Dead Man's Shoes


Cast: Paddy Considine, Emily Aston, Gary Stretch
Director: Shane Meadows
Certificate: 18,
Cinema Release date: Ist Oct

Shane Meadows’ much anticipated fourth film (his last release being Once Upon a time in the Midlands) is a diversion into the world of horror but also reveals his great gift for storytelling as a thriller evolves that is both tragic but also very realistic.

In Once upon a time in the Midlands, a stranger played by Robert Carlyle heads back into town and causes romantic upset. Here, an older man played by Paddy Considine (In America and the soon-to-be-released My Summer of Love) comes back into town (to a home town in the midlands) with a more sinister aim since he appears to have a score to settle although we don’t know the whys or wherefores (yet). The stranger appears to be antagonistic towards a vicious local gang of drug-dealers and even though he is facing the might of a drugs gang alone, he appears to be fearless. That might have something to do with the fact that he’s come out of the military, even though he seems to be also a modest and kind man to those who are straight with him.

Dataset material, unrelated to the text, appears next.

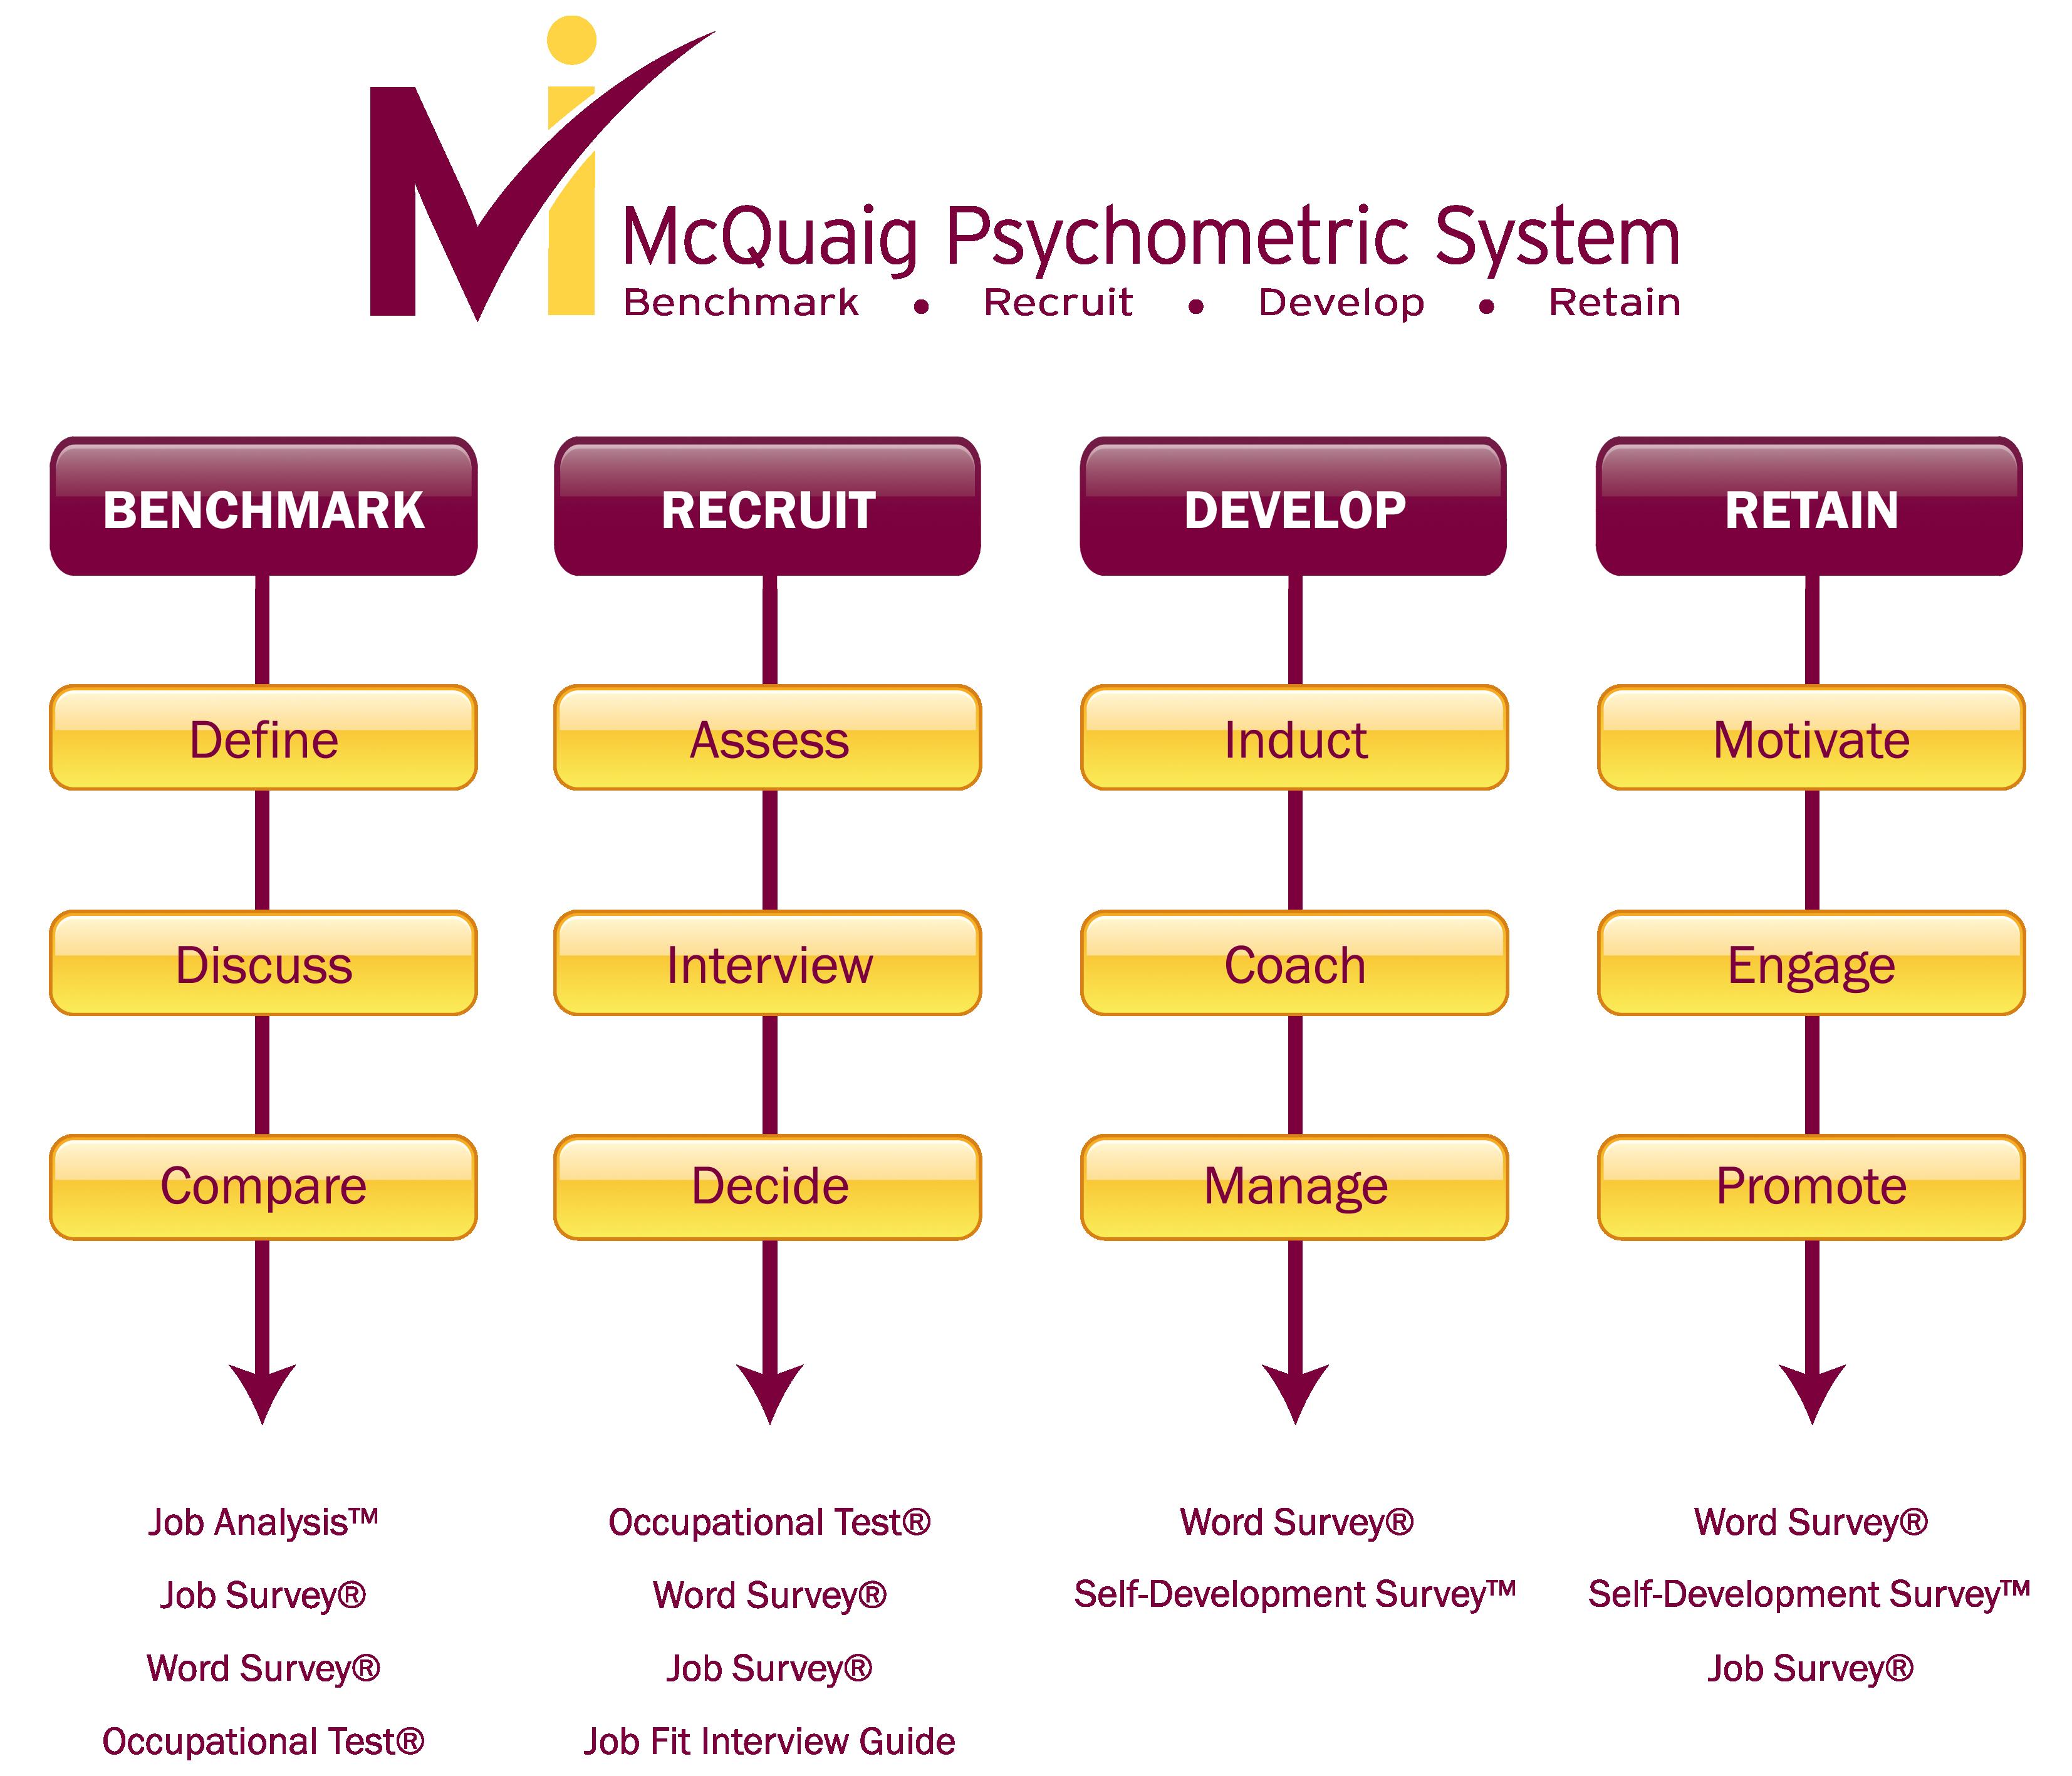 The McQuaig Psychometric System

Gradually a story emerges of how this gang began to take the mickey out of the older man’s retarded brother and shows somewhat tragically how even the most intellectual characters can be guilty of harm simply through non-action.

Dead Man’s shoes is satisfyingly real and deserves to find a decent audience. Like all of Shane Meadows’ films, the dialogue co-written here by Considine who also took the lead to thrilling effect in Shane Meadows’ earlier film A Room for Romeo Brass, suits every scene and the film itself is well worth seeing for the satisfactory performances and Meadows’ fine ability to tell a good story.